2015 GSA Annual Meeting in Baltimore, Maryland, USA (1-4 November 2015)

Paper No. 239-12
Presentation Time: 4:30 PM

THE USE OF DIGITIZED DATA IN PALEOBIOGEOGRAPHICAL INVESTIGATIONS OF MACROEVOLUTION


MYERS, Corinne, Earth and Planetary Sciences, University of New Mexico, Northrop Hall, Albuquerque, NM 87108, SAUPE, Erin E., Geology and Geophysics, Yale University, 210 Whitney Ave, New Haven, CT 06511 and STIGALL, Alycia L., Department of Geological Sciences and Ohio Center for Ecology and Evolutionary Studies, Ohio University, 316 Clippinger Lab, Athens, OH 45701, cemyers@unm.edu

Paleobiogeography focuses on patterns of species’ distribution and how they might reflect processes that impact patterns of speciation and extinction. Historically, quantitative paleobiogeographical investigations have focused on phylogenetic relationships through space and time. More recently, however, the field has begun to apply quantitative techniques to more macroecological questions, including how macroecological traits (e.g., range size, niche breadth, body size, abundance, dispersal capacity) impact extinction susceptibility and speciation potential under different environmental regimes and styles of environmental change.
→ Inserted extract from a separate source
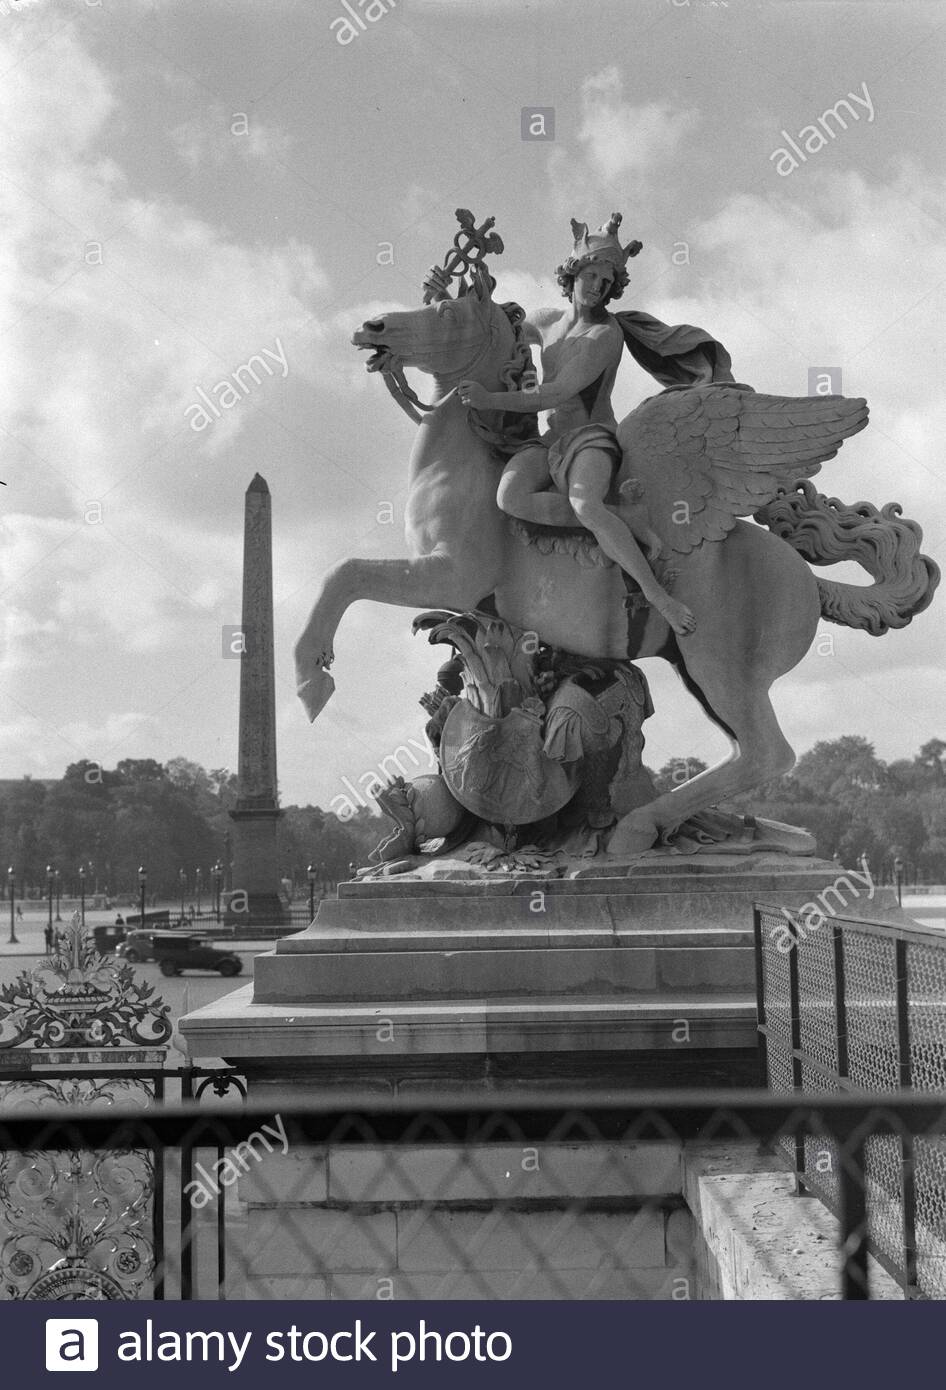 reportage paris description image mercure at the entrance of the jardin des tuileries annotation the sculptures mercure and la renomme are by antoine coysevox 1640 1720 they were placed in 1719 at the western entrance of the tuileries date 1935 location france paris keywords sculptures city sculptures 2APE9X9

Numerous multivariate modeling techniques exist to correlate taxon traits with macroevolutionary outcomes, but all require high-resolution digital paleobiological and sedimentological data. Whereas paleobiological data are used to reconstruct taxon distributions, sedimentological data are needed to reconstruct the paleoenvironmental conditions in which fossil taxa lived. Here, we focus on the types of digital data needed for quantitative paleobiogeography using PaleoENM, a modern ecological niche modeling (ENM) technique applied to the deep time fossil record. We highlight exciting current research on the macroevolutionary impact of niche stability, niche breadth, and range size (including examples from the Ordovician, Late Cretaceous, and Neogene). We address important methodological considerations when applying PaleoENMs using digital fossil occurrence data within a spatially explicit paleoenvironmental context (e.g., sampling and taphonomic biases; sediment-based vs. climate model-based paleoenvironmental reconstructions), compare and contrast PaleoENM with other methods for paleobiogeographical analysis, and discuss the potential of this technique to illuminate macroevolutionary patterns in deep time.